姜小白穩住心神,一劍掠起,將騎兵連人帶馬斬成兩段。

下一刻鐵蹄聲再響,又是三名騎兵勇往直前,朝著姜小白衝鋒而來。

姜小白處變不驚,長劍左右劃出銀色軌跡,接連將騎兵斬於馬下。而後是急促的腳步聲響起,步兵士卒手握長戈,向他劈斬而來。

姜小白毫無退意,迎著撲殺而來的士卒,步法靈逸,手中長劍如與自己融為一體,每一劍落下,便有一名士卒倒下,那白衣便向前挪步兩寸。

詩仙有雲,十步殺一人,千里不留行。

這一系白袍一步殺十人,大有一種以力破巧、一力降十會之意,有一種任你千軍萬馬,我一人盡屠之的無敵氣勢!

琴音過半,他與姜陵之間僅剩兩步之遙。

姜小白微眯的雙眼中精光一閃,就要突進,卻下一刻眸生異色,止步不前。

紅衣姜陵腳下升起藤蔓,架成一座三米箭樓,他站在樓上,透著淡紅色的眸子漠然盯著姜小白,手掌化成一片殘影,急速撥動琴弦,琴音急促無比的響起。

這一刻它不再是手掌撥動琴弦的聲音,而是弓箭離弦的聲音,無數的羽箭破空而來的聲音。

漫天箭雨從空而落!

姜小白深吸一口氣,緊握手中長劍,對著鋪天蓋地落下的箭雨舞動起來。

那把劍畫出一片銀色殘影,如同綻放了一朵銀光組成的花朵,精準地擊落了每一支朝他射來的箭。

兩人戰鬥至此,引得無論席九普雷特還是齊泓奕都不由微微側目。

「小兄弟果然可靠啊。

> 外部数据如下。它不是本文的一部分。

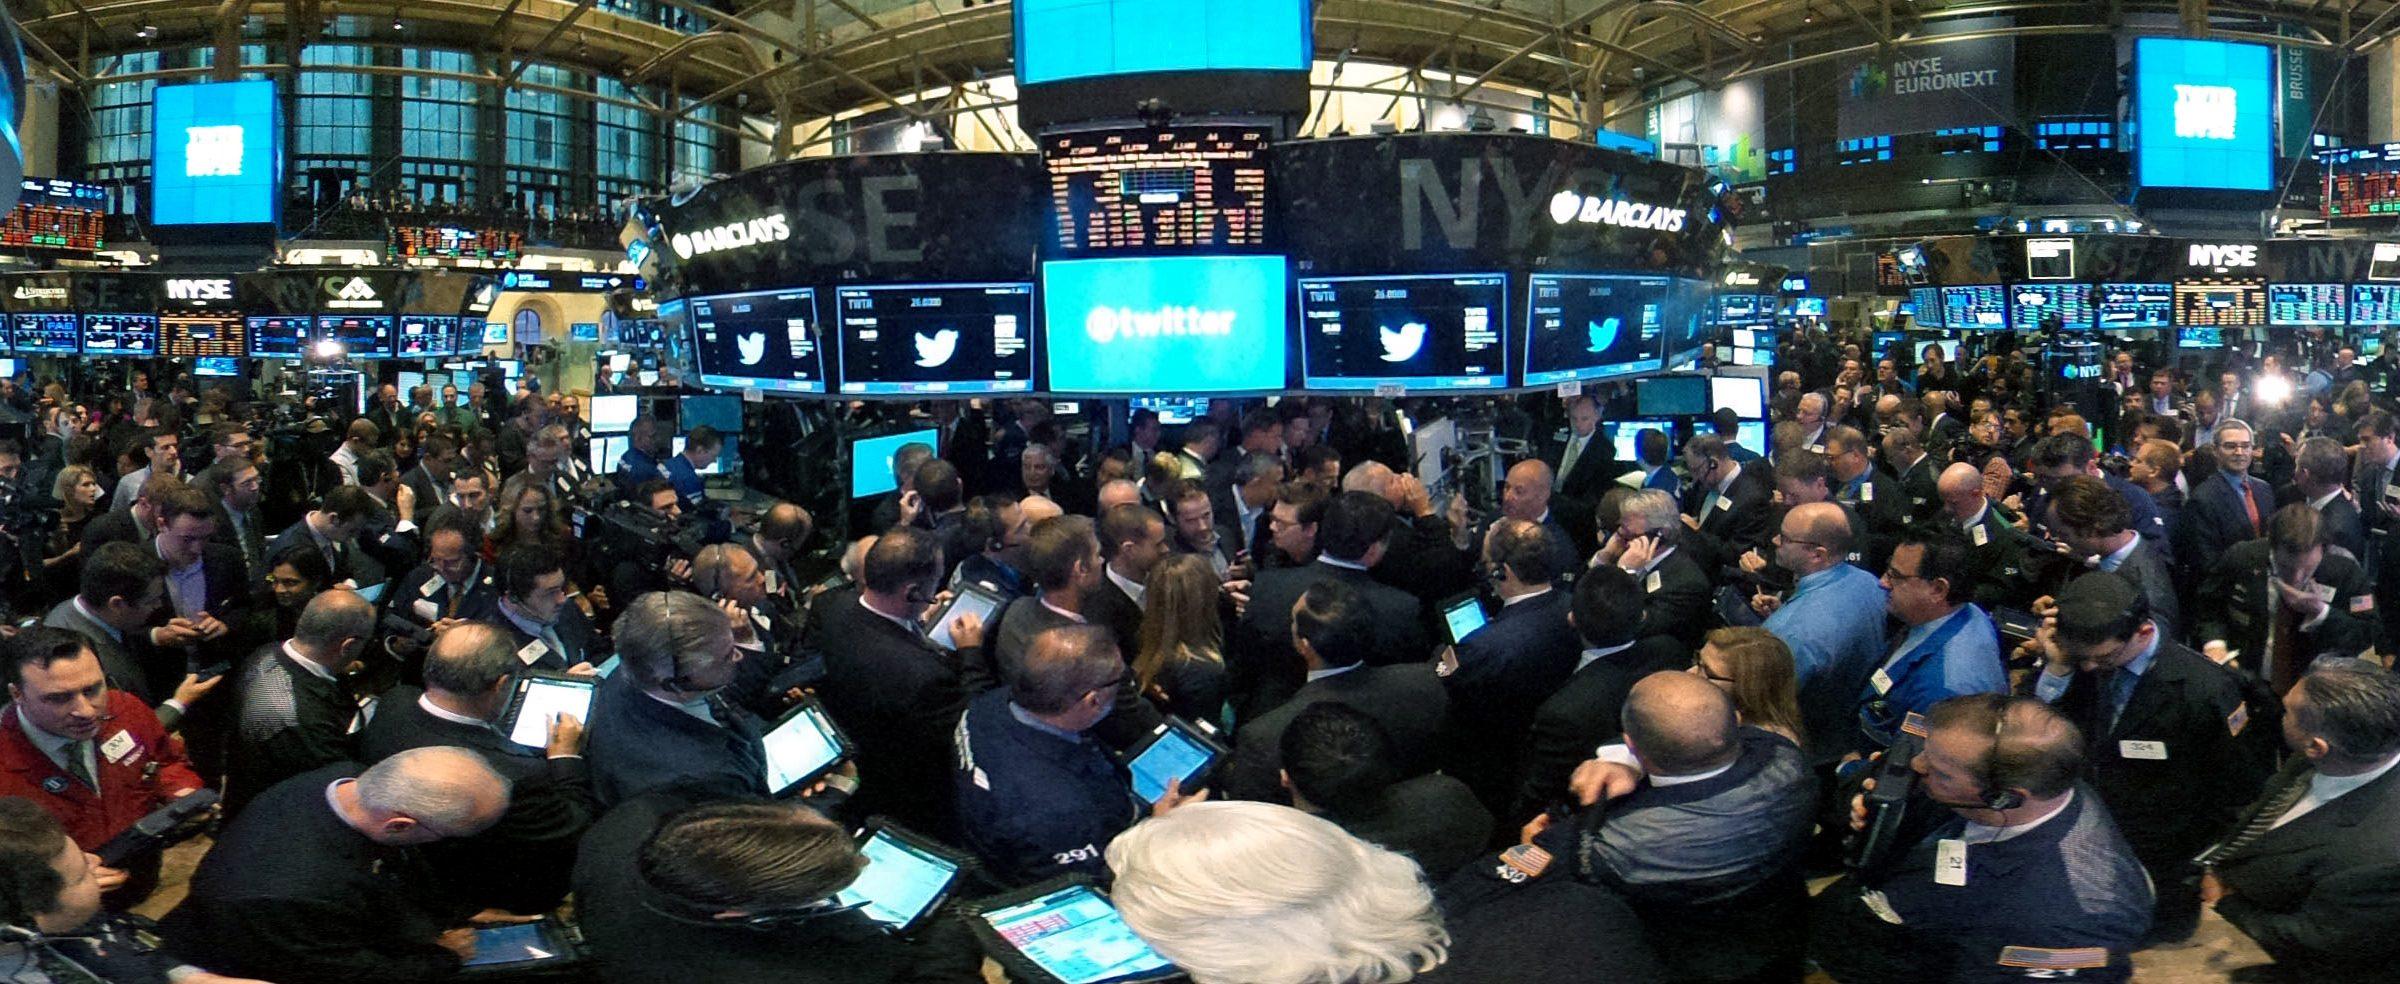 new-york-stock-exchange-trading-floor-6763750
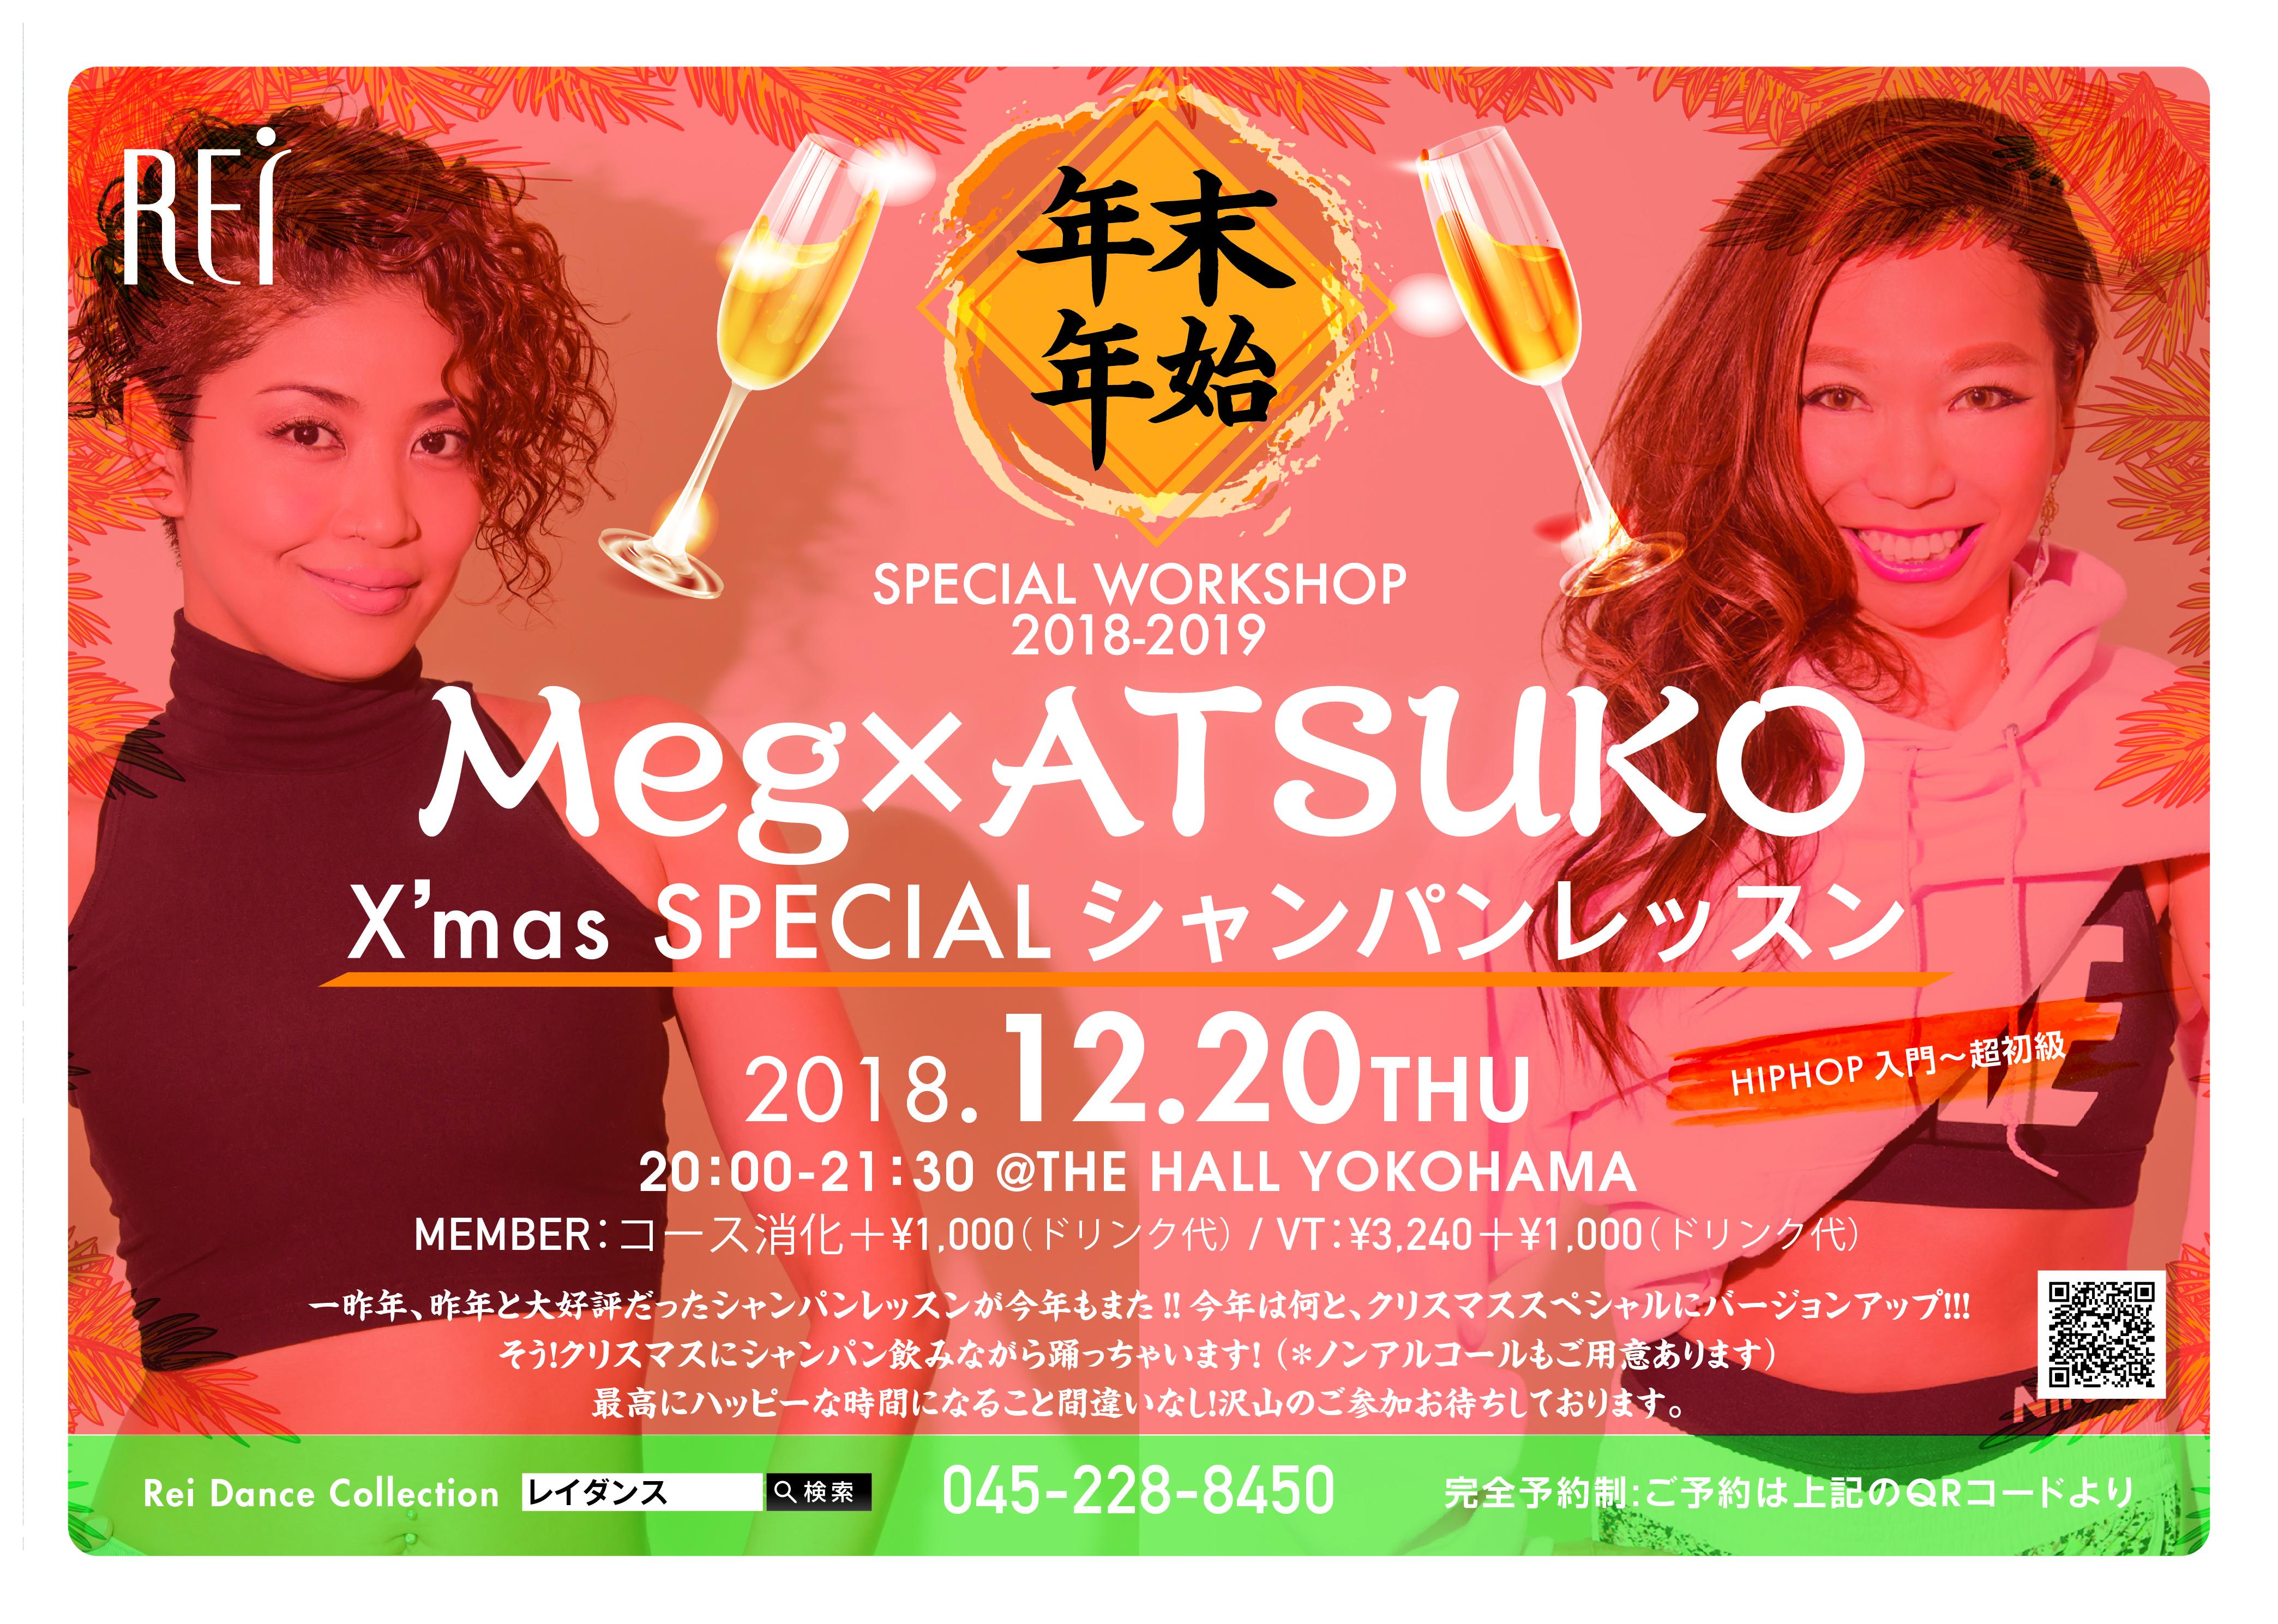 X'masにシャンパン飲みながら踊っちゃおう!!Meg×ATSUKO SPECIALレッスン開催決定!!

」席九瞥了一眼姜陵而後嘀咕了一句,而後她以寒冰覆蓋住自己肩頭那見骨的刀傷,又自語道:「這一身紅衣還真的帥啊。」

普雷特也扭頭匆匆看了一眼,詫異道:「這是什麼buff技能?」

「看到沒,我小兄弟鬼上身了,你們死定了!」席九不忘裝腔作勢地喝了一聲,只是台詞太糟糕,起不到什麼恐嚇效果。

普雷特用刀柄重重錘了一下自己胸口,那裡有著一處傷口,雖然很淺,但這一下還是引起一陣疼痛。他之所以這麼做,是因為剛剛那寒冰劍刺中自己胸口,雖說憑藉衣服的不俗防禦力以及自己及時的調整身形,使得這一劍只是在他胸膛割開了一個小口子,但這劍卻在劍傷處覆蓋了一層冰霜,而且還在慢慢擴散,似乎想要凍住自己的上半身。

他以劍柄一錘,將冰塊砸碎,而後輕啐一口,冷笑道:「要不你也鬼上身一下給我看看。」

言罷,普雷特再次沖了上去,這一刻他心緒已經不像最開始那般堅定信念,因為不但他沒能如自己期望那般快速擊斃這女法師,此時那姜陵突然爆發出如此強悍的戰鬥力,普雷特甚至覺得姜小白也有了落敗的跡象。

他心有些慌亂,所以越發急切想要將眼前女子砍成兩段。

「天行者果然遠非常人能比,如此血腥殺伐之音,如此凌厲懾人之劍,恐怕在我天變中境之時也無法抵擋。」齊泓奕以餘光瞥了一眼姜陵與姜小白的戰鬥,不由心生驚異。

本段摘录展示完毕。